Mapping Clippy lints to SonarQube issues

In my current effort to provide a plugin for SonarQube allowing to scan Rust code and import Clippy lints,
I am requesting some feedback about best way to reconcile the Lint levels definition with SonarQube requirements for what it defines as "Issues"
With SonarQube, Issues have two dimensions :

Issue Types

There are three types of issues:

  1. Bug – A coding error that will break your code and needs to be fixed immediately.
  2. Vulnerability – A point in your code that's open to attack.
  3. Codesmell – A maintainability issue that makes your code confusing and difficult to maintain.

Issue Severity

Each issue has one of five severities:

  1. BLOCKER
    Bug with a high probability to impact the behavior of the application in production: memory leak, unclosed JDBC connection, .... The code MUST be immediately fixed.
  2. CRITICAL
    Either a bug with a low probability to impact the behavior of the application in production or an issue which represents a security flaw: empty catch block, SQL injection, ... The code MUST be immediately reviewed.
  3. MAJOR
    Quality flaw which can highly impact the developer productivity: uncovered piece of code, duplicated blocks, unused parameters, ...
  4. MINOR
    Quality flaw which can slightly impact the developer productivity: lines should not be too long, "switch" statements should have at least 3 cases, ...
  5. INFO
    Neither a bug nor a quality flaw, just a finding.

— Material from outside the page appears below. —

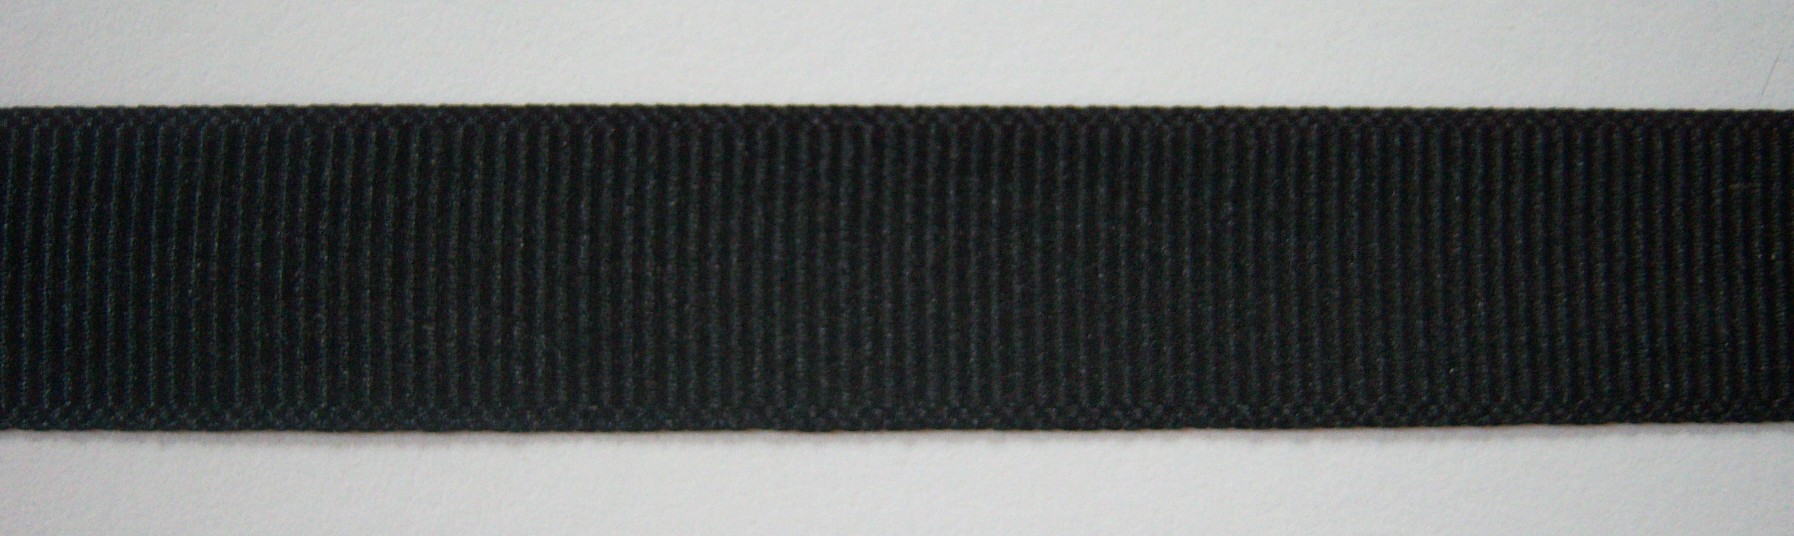 Black 5/8" Grosgrain Ribbon

On the other hand there are 4 Lints levels :

  1. allow
  2. warn
  3. deny
  4. forbid

Would a systematic mapping from Lint levels to SonarQube issues make sense in your opinion, e.g
"all Clippy lints with level deny should be imported as SonarQube "Code Smells" with Severity "CRITICAL" etc... ?

If so would you have suggestion about how to map ?

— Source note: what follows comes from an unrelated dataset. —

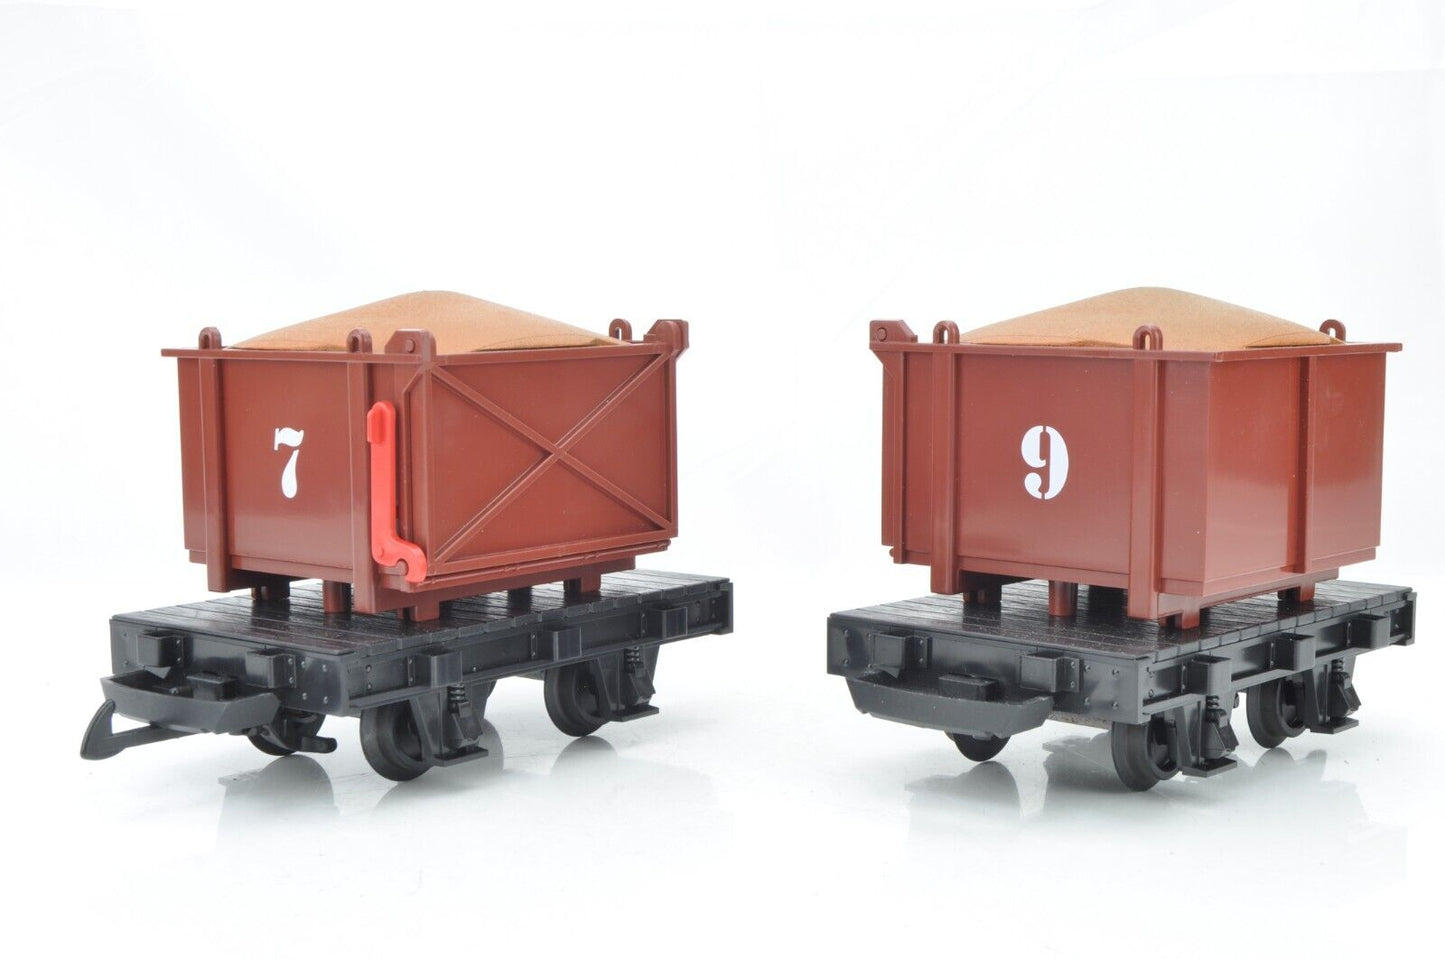 LGB Field Railroad Dump Cars, 2 pieces, Collection Item - 42170

Should the Clippy Lint groups (Correctness Restriction Style Deprecated Pedantic Complexity Perf Cargo Nursery) be (also) considered to define such mapping into SonarQube in your opinion ?

Thanks for your feedback

As far as I can tell almost all of what clippy reports are code smells, which for me doesn't map to critical, rather MINOR or something.

That being said I had clippy find an actual bug in my code once. I kept a RefCell::borrow across an async await point. It compiled fine, but is actually a bug, not a lint and clippy caught it. I feel that was an exception though.

If anything it would be specific lints that can reveal bugs rather than others that really cannot. I think by default they are all set to warn level.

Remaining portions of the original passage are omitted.